*What needs to be done*: Skip every image and restate the data word for word.

*Data block*:
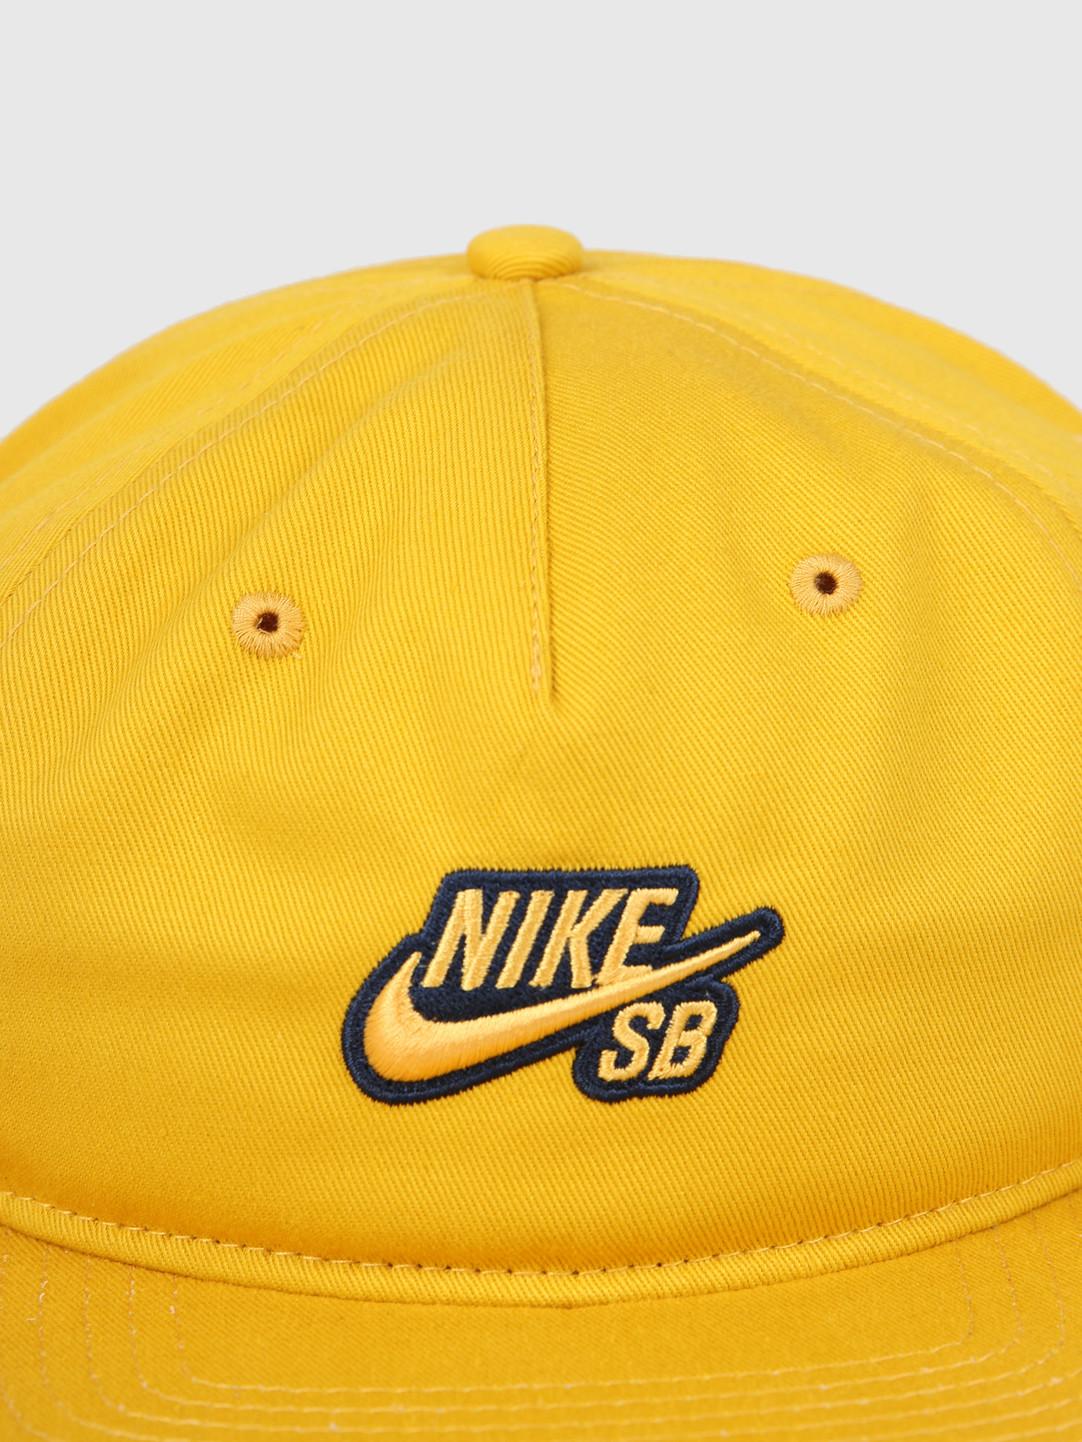 Nike Nike SB Cap Dark Sulfur Obsidian Dark Sulfur CI4460 743
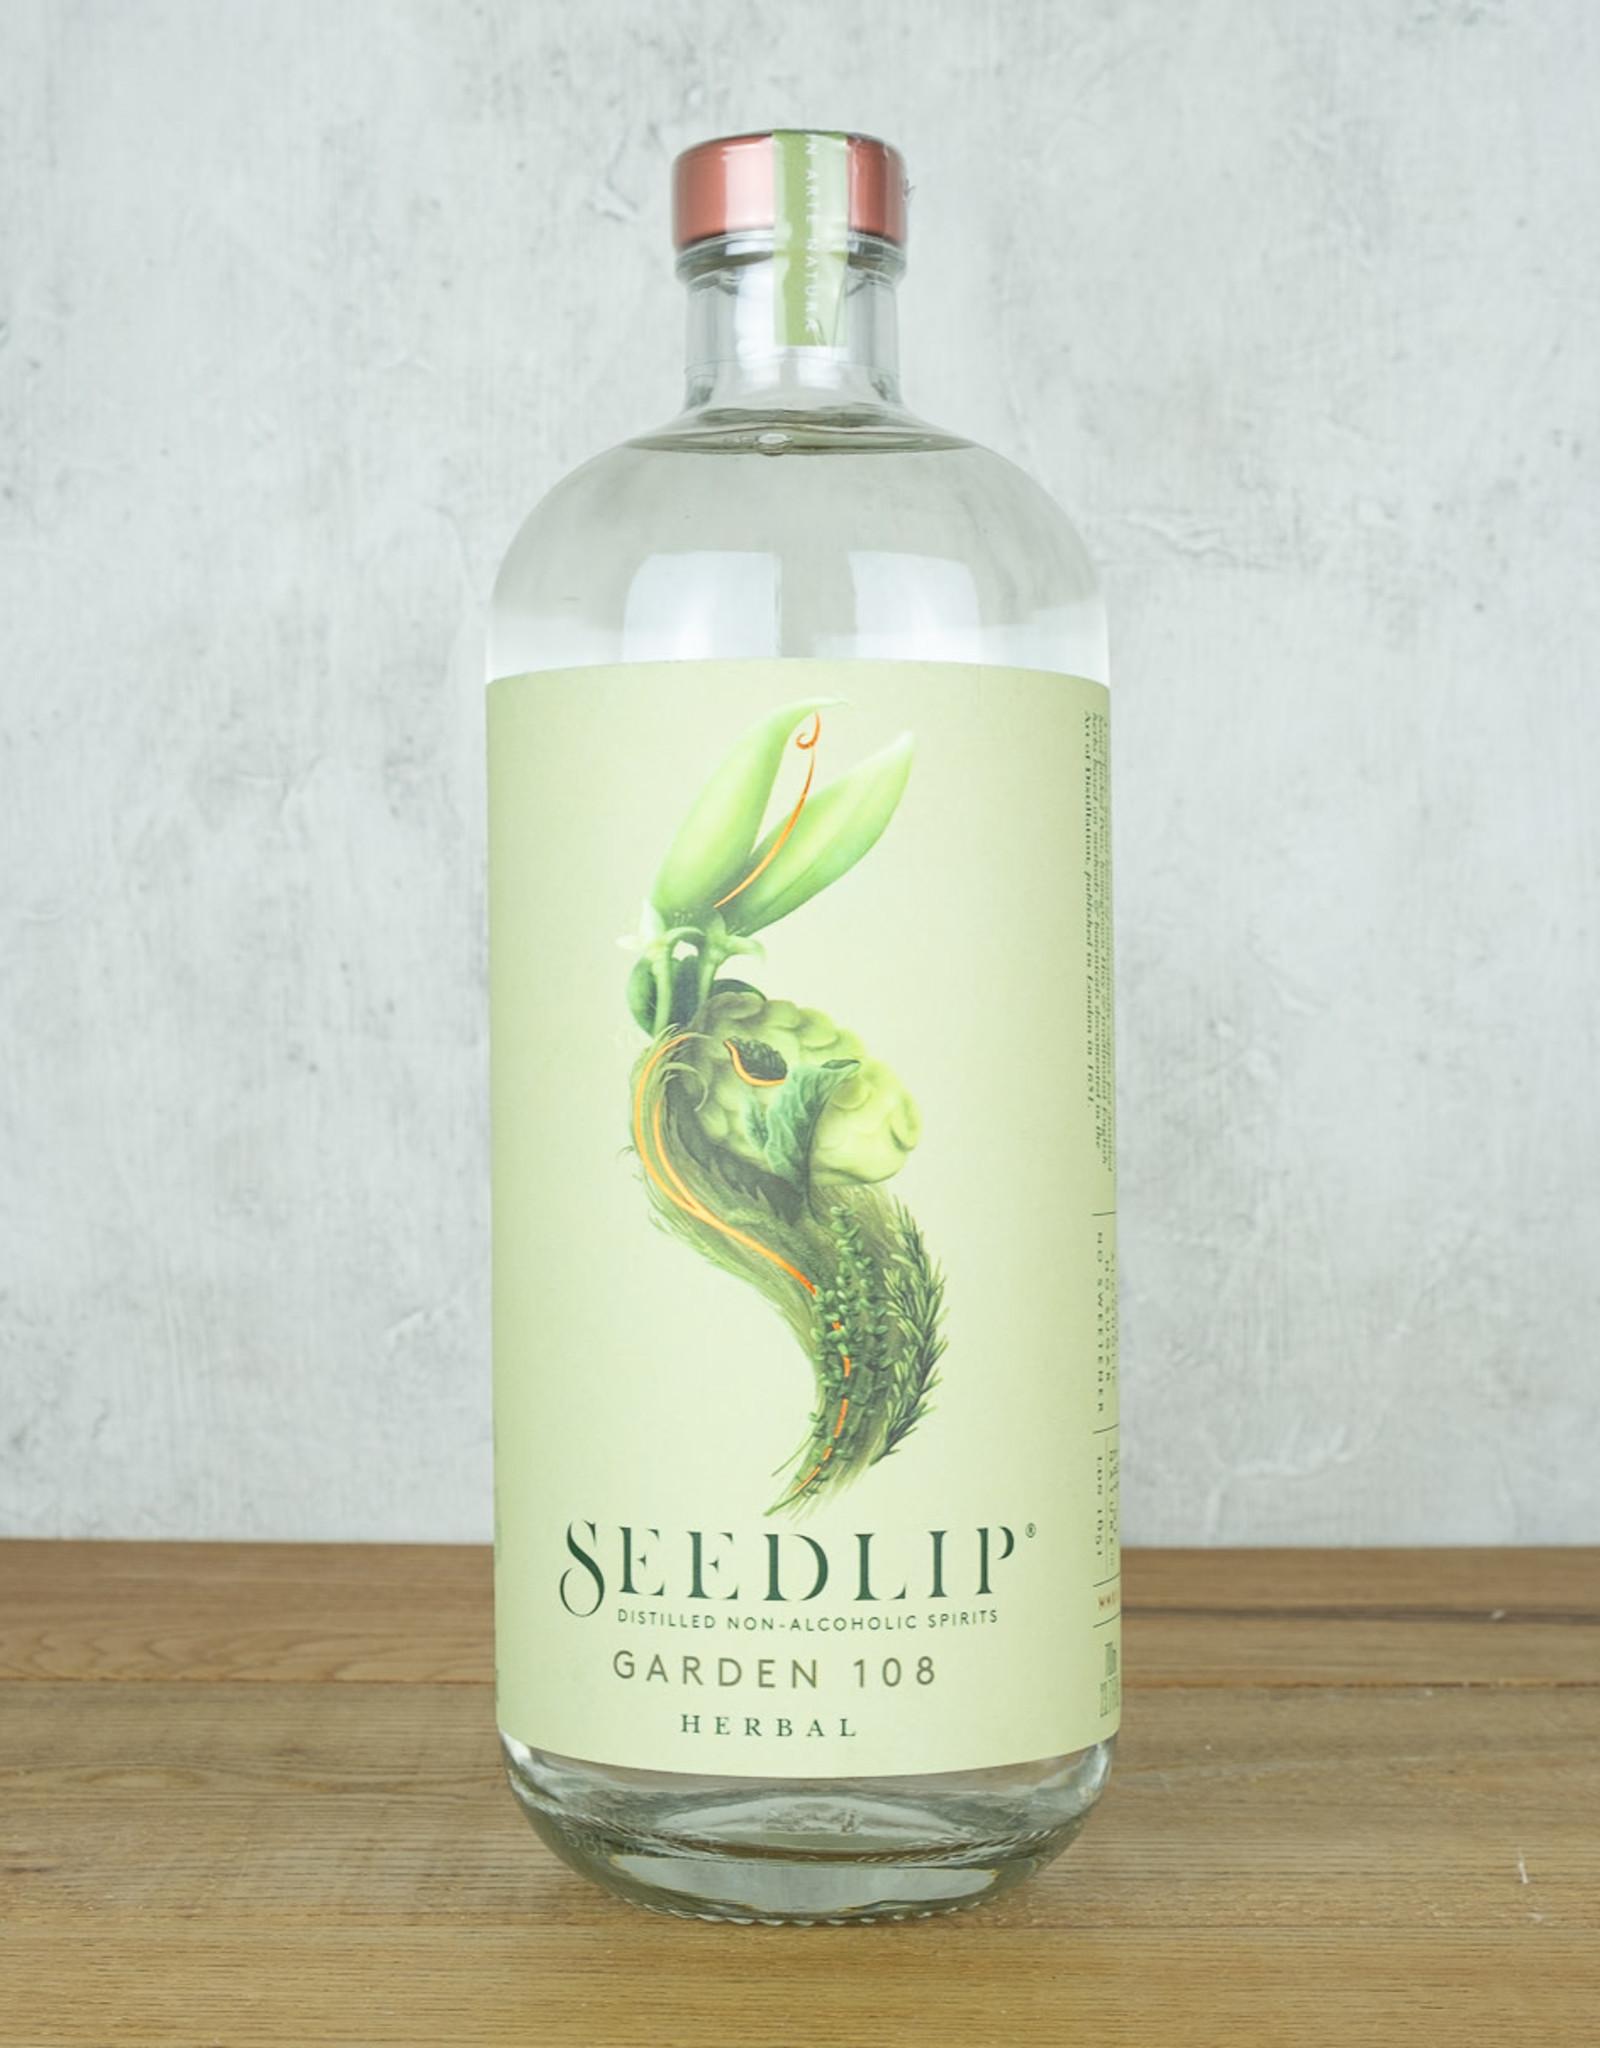 Seedlip Garden
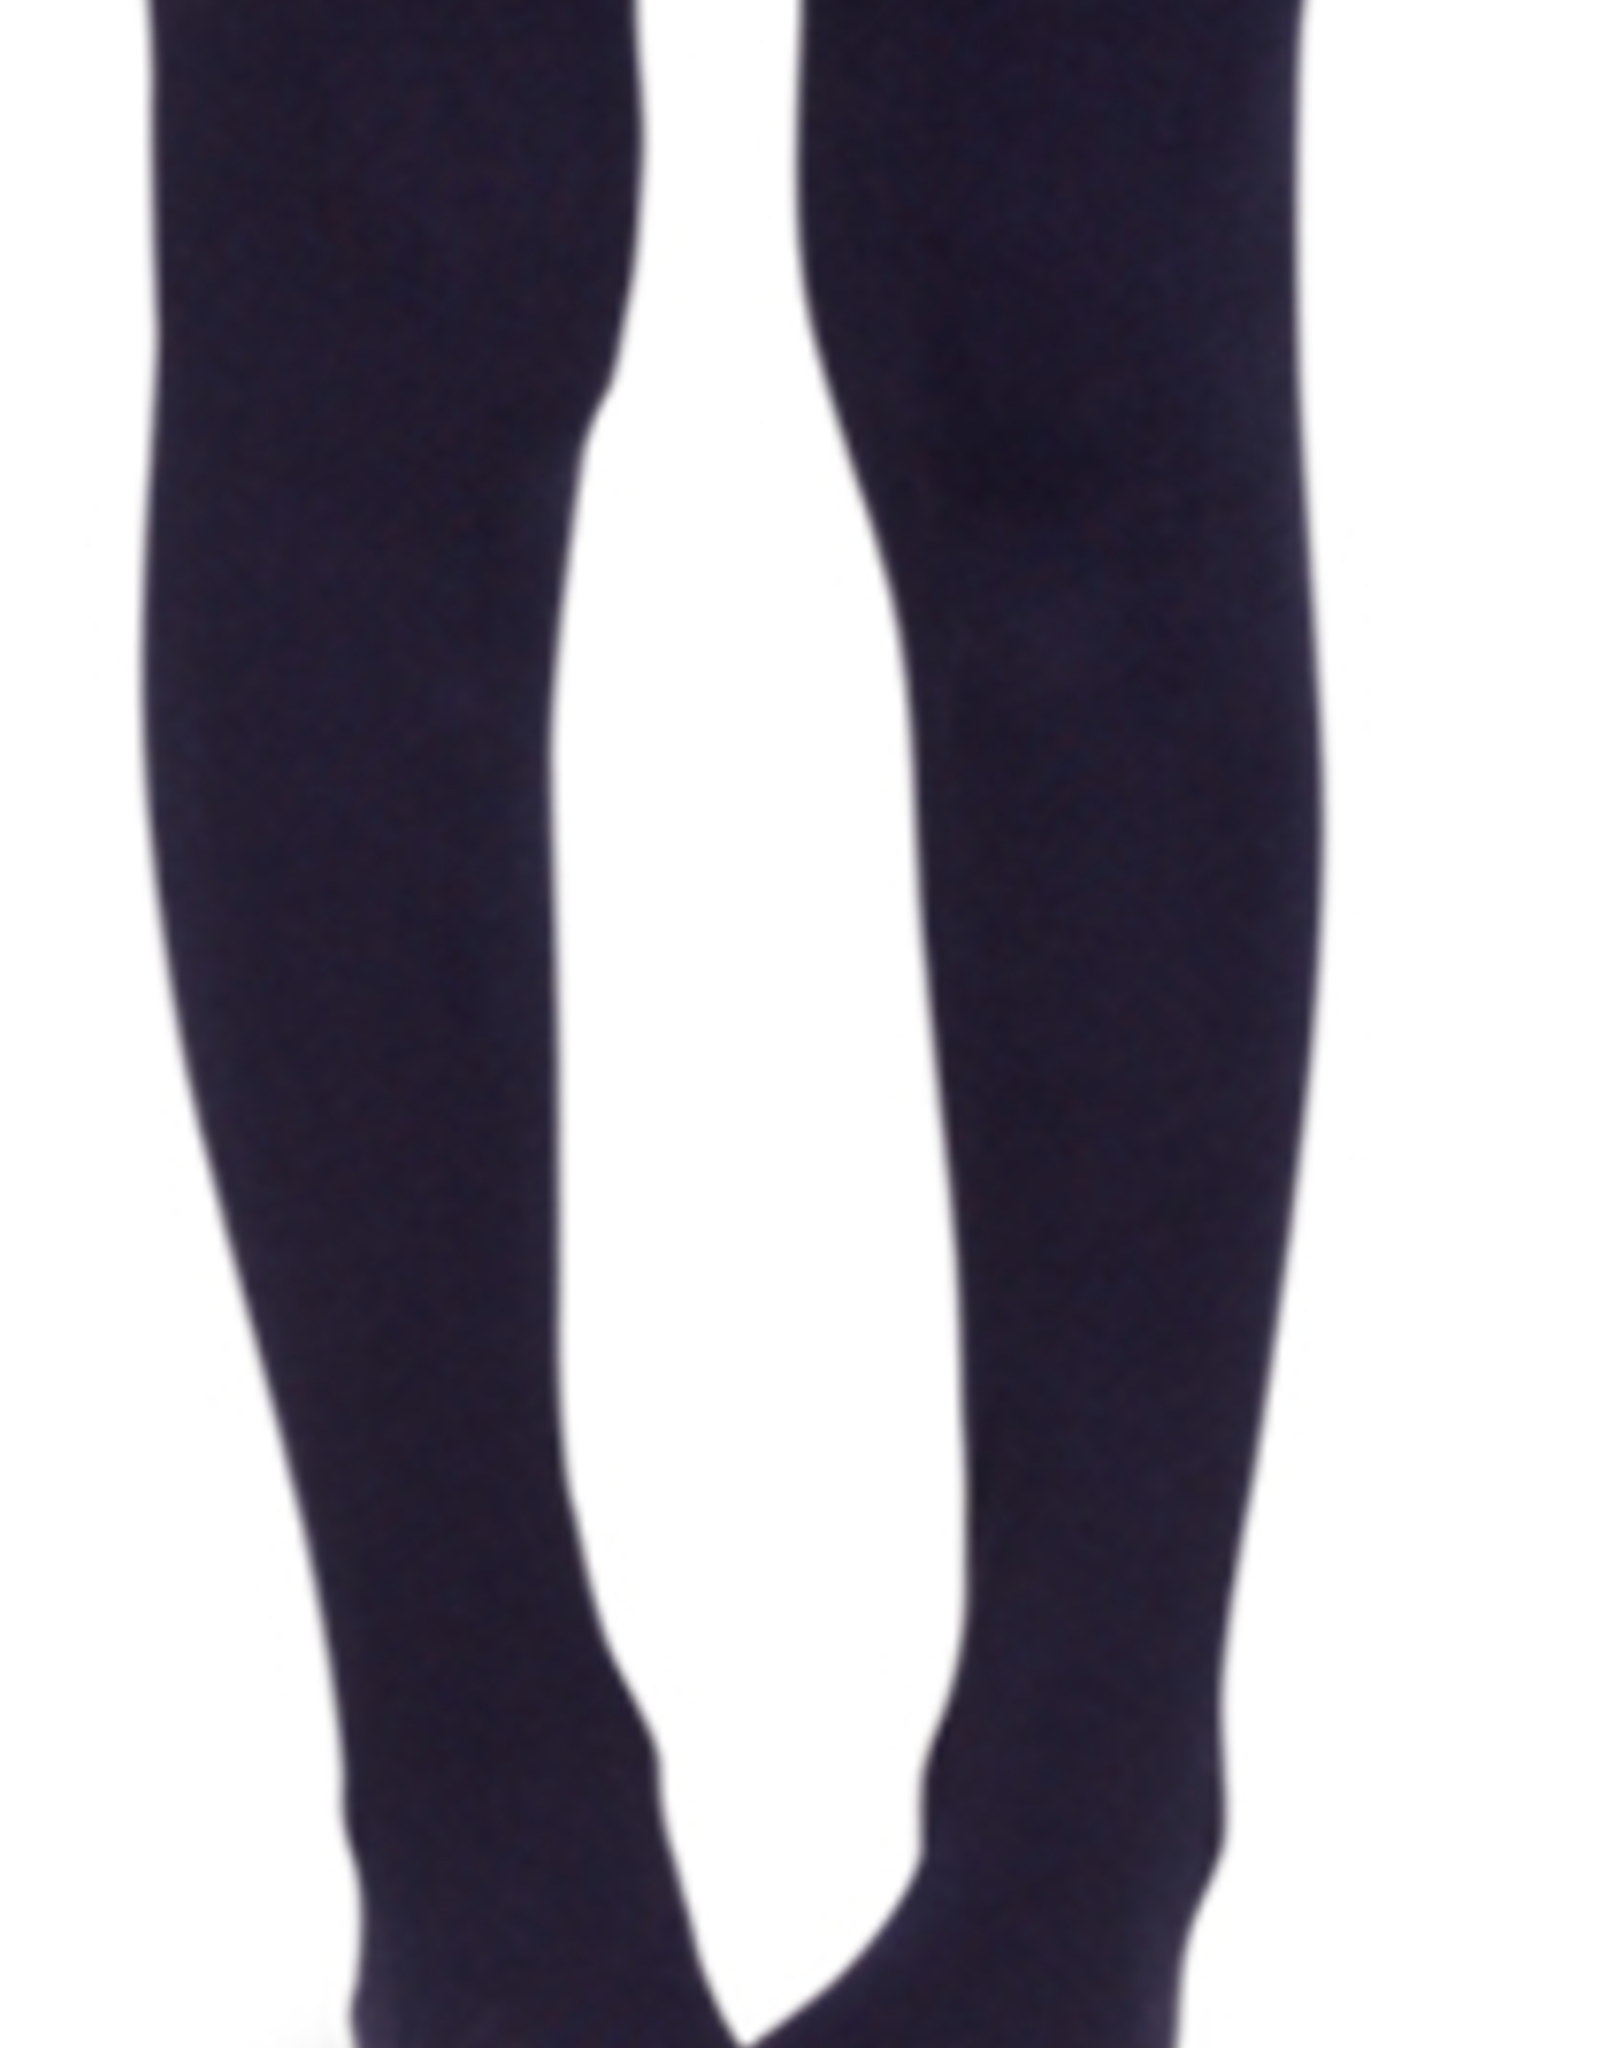 Jefferies Socks School Uniform Smooth Microfiber Legs

*Answer space*:
 Nike Nike SB Cap Dark Sulfur Obsidian Dark Sulfur CI4460 743
 Seedlip Garden
 Jefferies Socks School Uniform Smooth Microfiber Legs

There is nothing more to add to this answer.